Now here was a weapon. Five shots as fast as he could cock the hammer and pull the trigger. He pitied the Comanche raiding party that ever came to steal the horses of Cordero. As for the Rangers, well, one day the riders of Cordero would head north and settle with those Texans who had ambushed and destroyed El Tigre and his followers.

“The daughter of Don Luis shall lead us,” Zavala said aloud. The creek bubbled merrily behind him. The new logs sizzled and snapped in the fire. The vaquero’s voice was the only other noise.

The revolver clicked, being cocked; then Zavala eased the hammer down, between cylinders. He stared into the flames of the campfire and imagined himself riding at the head of a heavily armed column of men who looked to him for guidance and followed his lead. He saw himself charging into battle, his Colts blazing, his enemies fleeing before his wrath.

A shadow detached itself from the underbrush.

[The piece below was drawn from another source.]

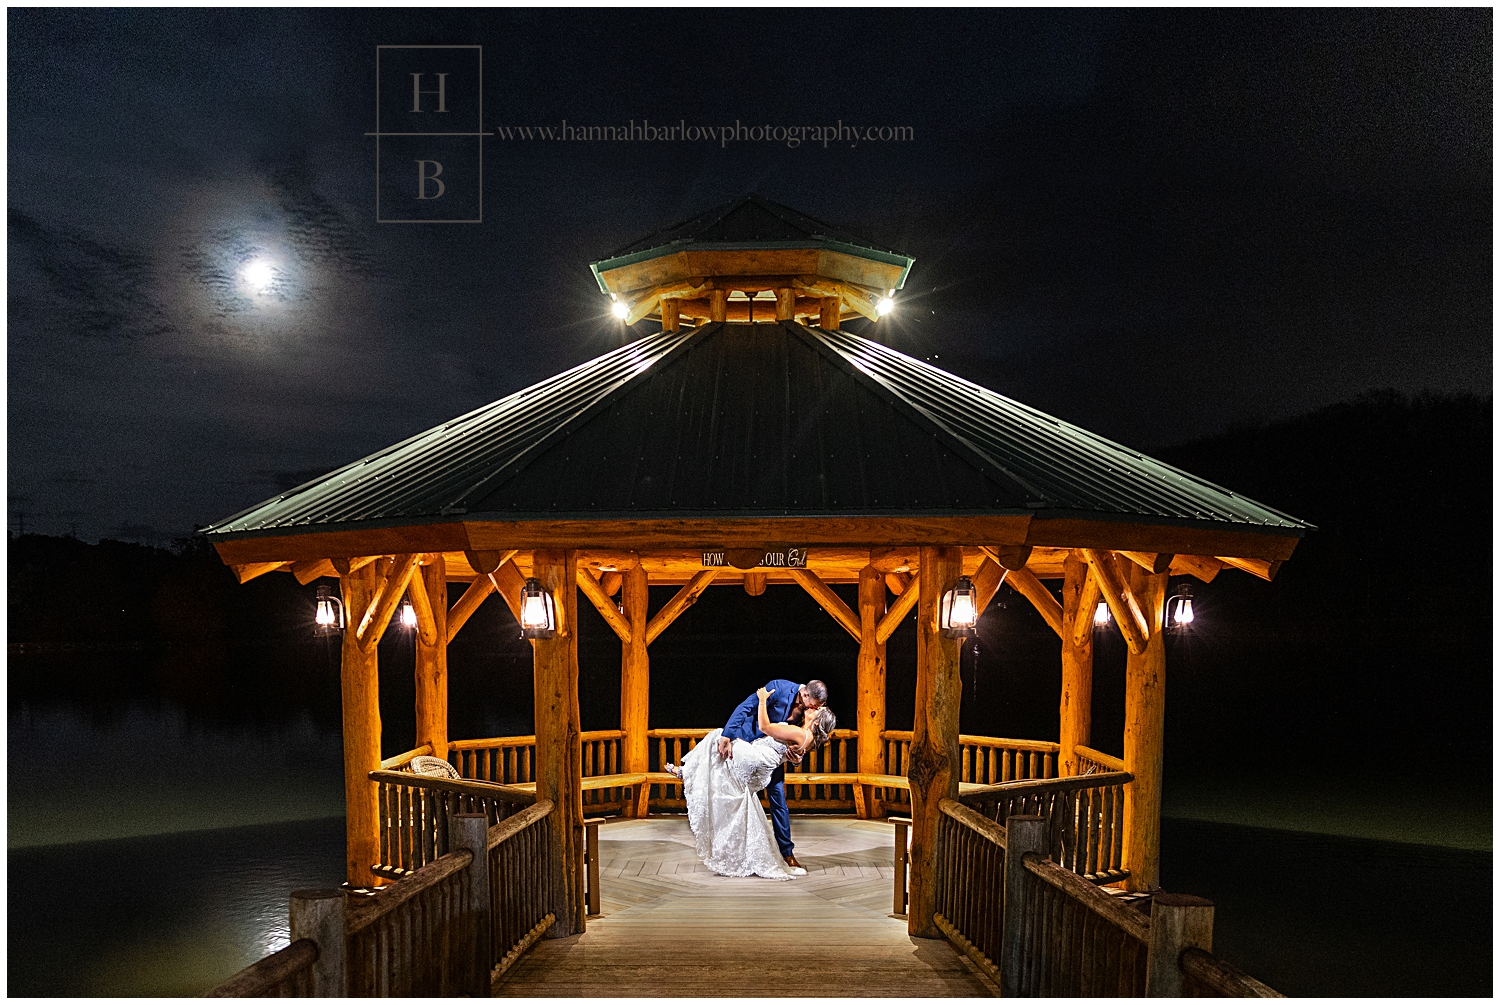 Groom dips bride at night under full moon in gazebo

Then another. And another. They made no sound. One shadow took shape, became a man whose fierce eyes peered from his eagle helmet. It was Striker. He raised his obsidian-encrusted war club and came on at a run.

Zavala, in his reverie, could almost hear the jingle-jangle of gold coins pouring into his saddlebags. He softly laughed. The tequila warming his gut merely fueled his fantasies.

Images of a rosy future layered one atop the other, each sequence better than the one before, until they all came crashing down and splintered apart like fragments of shattered glass, in jolting pain. Zavala never heard the rush of the blow that filled him and left him sprawled alongside the camp-fire. What dream was this? Hands quickly turned him over on his back. Through veils of his own blood he saw three demons with eagle heads and knives of serrated black stone. Zavala screamed. It didn’t do him any good. Then the demons with the knives went to work on him.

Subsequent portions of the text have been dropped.